Heck if someone were to compare my signature on a check I recently wrote to the signature card from 1995, I’m sure it will be very very different.
Net, net. A signature is not as important as you think it to be.
A lot of signatures are illegible as text, and I expect that’s true regardless of whether the signer knows or uses cursive. But I suppose that someone might have a signature that’s legible, and which matches the printed name. So for that specific person, the form didn’t actually need two separate lines, but for most people, it does, and it’s in the nature of forms that they’re not customized for an individual’s needs, so that person still needs to fill out both lines.
An excellent point, and well exemplified by the famous book “How to Lie with Statistics”, by Daniel Huff and first published in 1954, and actually used as a college textbook in some statistics courses. Without this kind of basic grounding, those uneducated in statistics are likely to think of it as a very science-y subject, and therefore very accurate, while the reality is that it’s often anything but.
I agree, and even if long division is basically an obsolete skill, I think it’s helpful in teaching the basic principles of arithmetic, just like calculus is useful foundational knowledge even if you never use it.
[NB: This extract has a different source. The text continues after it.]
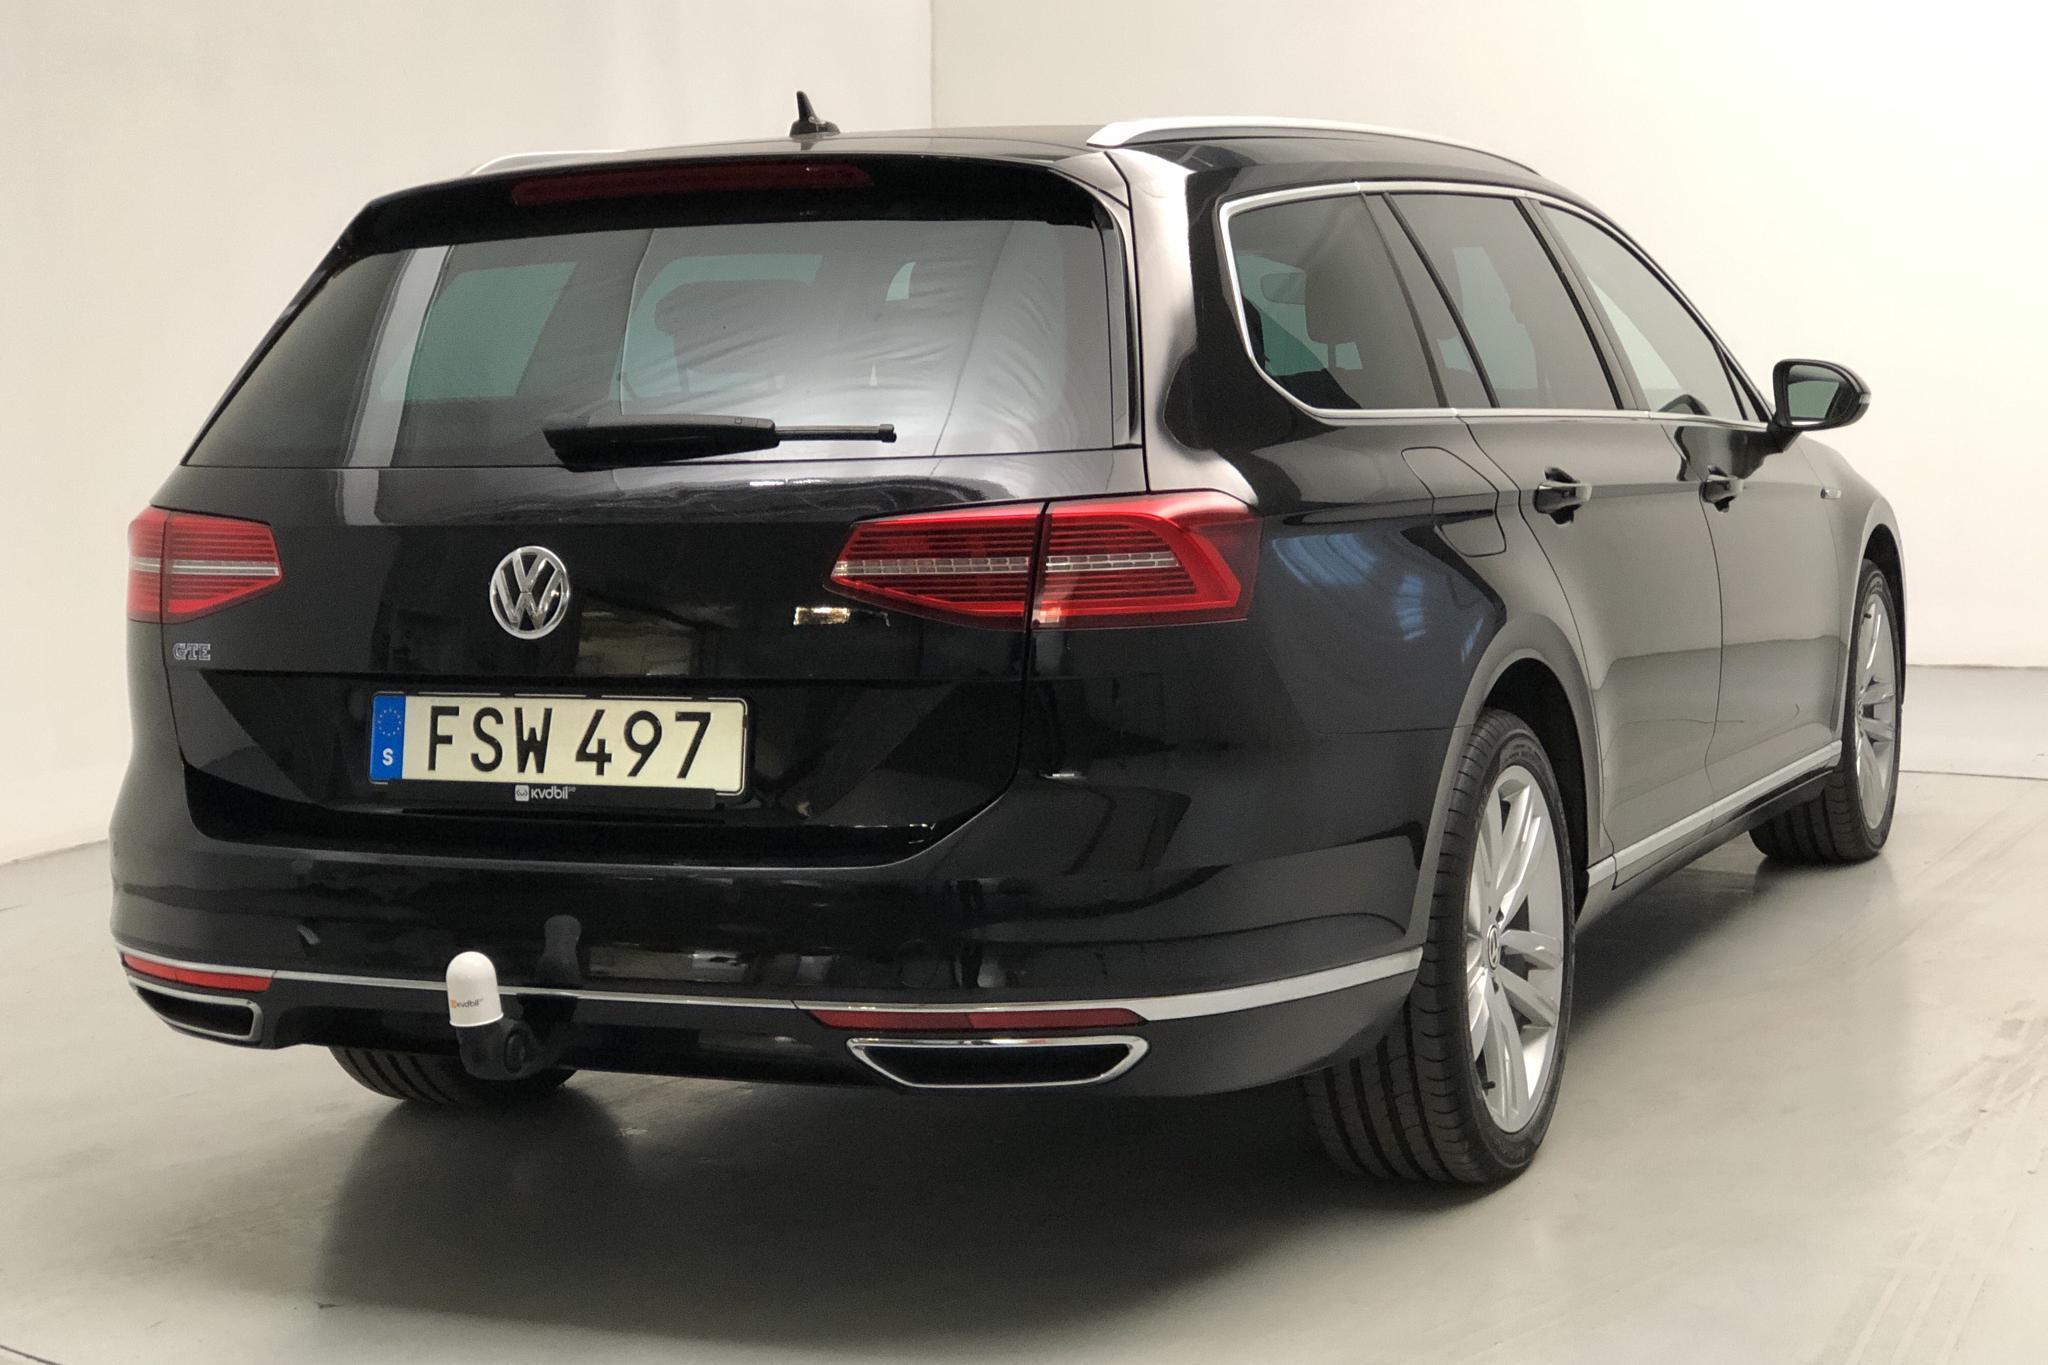 VW Passat 1.4 Plug-in-Hybrid Sportscombi (218hk) - 8 306 mil - Automat - svart - 2018

And I remember multiplication tables being drilled into our young heads – also now more or less obsolete, yet still handy for quick estimates when you don’t immediately have a calculator on hand. In fact I don’t even have a standalone calculator – it’s always my computer, tablet, or phone.
I was a business major as an undergrad, and had to take two semesters of calculus for my bachelor’s degree. AIUI, calculus is an important part of financial models, and that’s the reason why it’s required for a lot of business degrees.
However, my school offered two classes in “business calculus,” which were focused purely on application, and didn’t get into the “how to understand how a derivative equation works,” which regular calculus classes (for people going into the sciences, mathematics, and engineering) would teach.
They are useful at the hotel I work at. We hand them out to guests who want to talk to a specific manager or salesperson. Especially at 2 AM. Why people think we have a wedding salesperson on the clock then I have no idea. Or the hotel manager.
Community college level, not high school: I’ve taught “Calc for Business and Life/Social Sciences” a few times. It’s like Calc 1 & 2 Lite, in a single course. It doesn’t get as heavy into the concepts, it features no trigonometry (thus the only prereq is College Algebra), and focuses more on applied problems rather than mechanics.
Not math, but UC Berkeley has a physics course - I’ve forgotten the course number - that is commonly called “Physics for Future Presidents”. It’s designed to provide the barest familiarity with physics to non-STEM majors that still satisfies graduation requirements. IIRC, that nickname is used by nearly all the physics professors, even the Nobel Laureates.
That’s a lot more flattering than the usual name of “…for jocks”.
When I was an astronomy major at Villanova, one of the students’ duties was manning the observatory, which was open to the public. One night, we got an entire class of third-graders come up, which was fun. They were doing astronomy in their science period that week. At the end of the week, the teacher sent us copies of their quizzes.
Someone posted them in the hallway together with the quizzes from Astronomy for Jocks. Not only were the third-graders’ quizzes harder, but they did better on them.